Ray trace diagrams (a, b) illustrating that differences in the distance between HRT and the eye between any two scans result in differences in the shape of the focal plane traced by the HRT scanning beams (c). A wide-angle schematic eye based on the Gullstrand-Le Grand model eye and scanning beam of 2 mm diameter and 633 nm wavelength were used to generate the ray trace diagrams using Optica 3 software. For clarity, two rays per beam were used. Scanning beams of 633 nm wavelength were used for ray tracing instead of 670 nm scanning beams of HRT because more accurate refractive indices of the cornea, aqueous humor, lens, and vitreous humor were available for modeling at 633 nm. The retinal focal planes were constructed by fitting a curve through the focal points of the HRT scanning beams at 0°, ±3.5°, and at ±7°. Differences in the focal plane distortion because of the differences in distance between HRT and the eye are more prominent in the peripheral region compared with the central region. By the conjugate focal principle, retinal structures at the focal plane are imaged through a pinhole located at a plane conjugate to the retinal focal plane. Therefore, retinal measurements will have peripheral measurement distortions corresponding to the shape of the retinal focal plane.

As illustrated in Figure 3, differences in the distance between HRT and the eye result in differences in degrees of distortion of the retinal focal plane that are more prominent in the peripheral region. In HRT, retinal images corresponding to these retinal focal planes are acquired through an imaging pinhole located at a plane conjugate to these retinal focal planes.6 This conjugate relationship between the retinal focal plane and the HRT pinhole located at the retinal conjugate plane is maintained at all working distances in HRT (G Zinser, personal communication, July 2010). Therefore, retinal measurements (at the pinhole) will have peripheral measurement distortions corresponding to the shape of these retinal focal planes. These differences in the retinal measurements result in differences in the curvature of the HRT retinal topographies that need to be corrected before analyzing HRT topographies for changes over time. Therefore, in addition to aligning topographies, HRT software also corrects for any difference in parabolic distortion of retinal measurements between baseline and follow-up examinations (parabolic error).
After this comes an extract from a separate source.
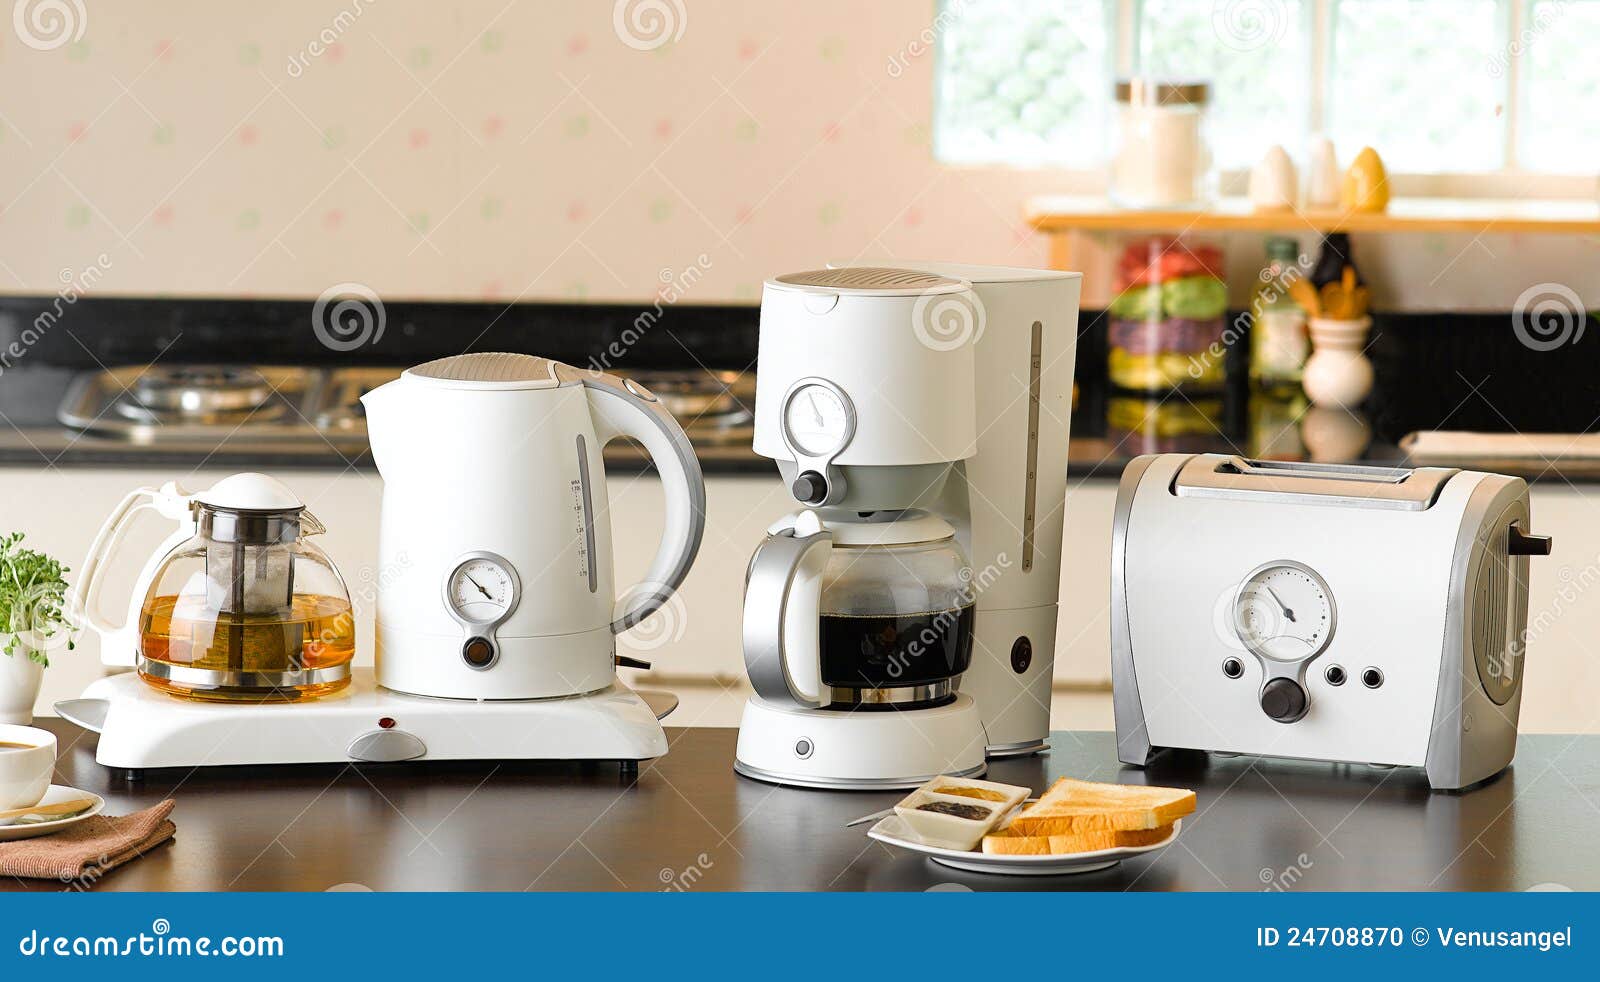 Coffee Blender And Boiler Machine Great For Makes Hot Drinks Stock Photo,  Picture and Royalty Free Image. Image 17584498.

Because parabolic distortion is more prominent in the peripheral region, HRT software corrects parabolic error only in 15° HRT-II topographies and not in 10° HRT-I topographies. Therefore, the current HRT software does not correct parabolic error when there is at least one HRT-I examination in a longitudinal series (as in the HRT-I–mixed series). The PEC procedure available in the HRT software (described in Appendix A) was implemented in MATLAB version 7.9 (The Mathworks Inc., Natick, MA, USA) and was separately applied to the HRT topographies in relative-tilted coordinates.

Topographic change analysis

HRT TCA is a three-way mixed effects ANOVA model for detecting localized (superpixel) retinal height changes and is commonly used for automated analysis of HRT topographies for detecting glaucomatous changes over time.2, 7, 8, 9, 10, 11, 12, 13 HRT TCA was implemented in MATLAB and superpixel change probabilities and mean difference topographies calculated. Four TCA change summary parameters (all units are in superpixels) were computed as described elsewhere:8 (1) total number of superpixel locations with significant decrease in retinal height (red pixels), (2) size of the largest cluster of red pixels, (3) total number of superpixel locations with significant increase in retinal height (green pixels), and (4) size of the large cluster of green pixels, all within the disk margin.

TCA agreement

Agreement between the HRT-I–mixed and HRT-II–only series was determined using the latest follow-up examination of each participant. For all TCA parameters, difference between the HRT-I–mixed and HRT-II–only series, means, and 95% confidence intervals (CIs) were estimated. Bland–Altman mean vs difference plots were generated and bias between the HRT-I–mixed and HRT-II–only series were estimated.14, 15 Observed bias is considered to be statistically significant only when the 95% CI of the bias does not include 0.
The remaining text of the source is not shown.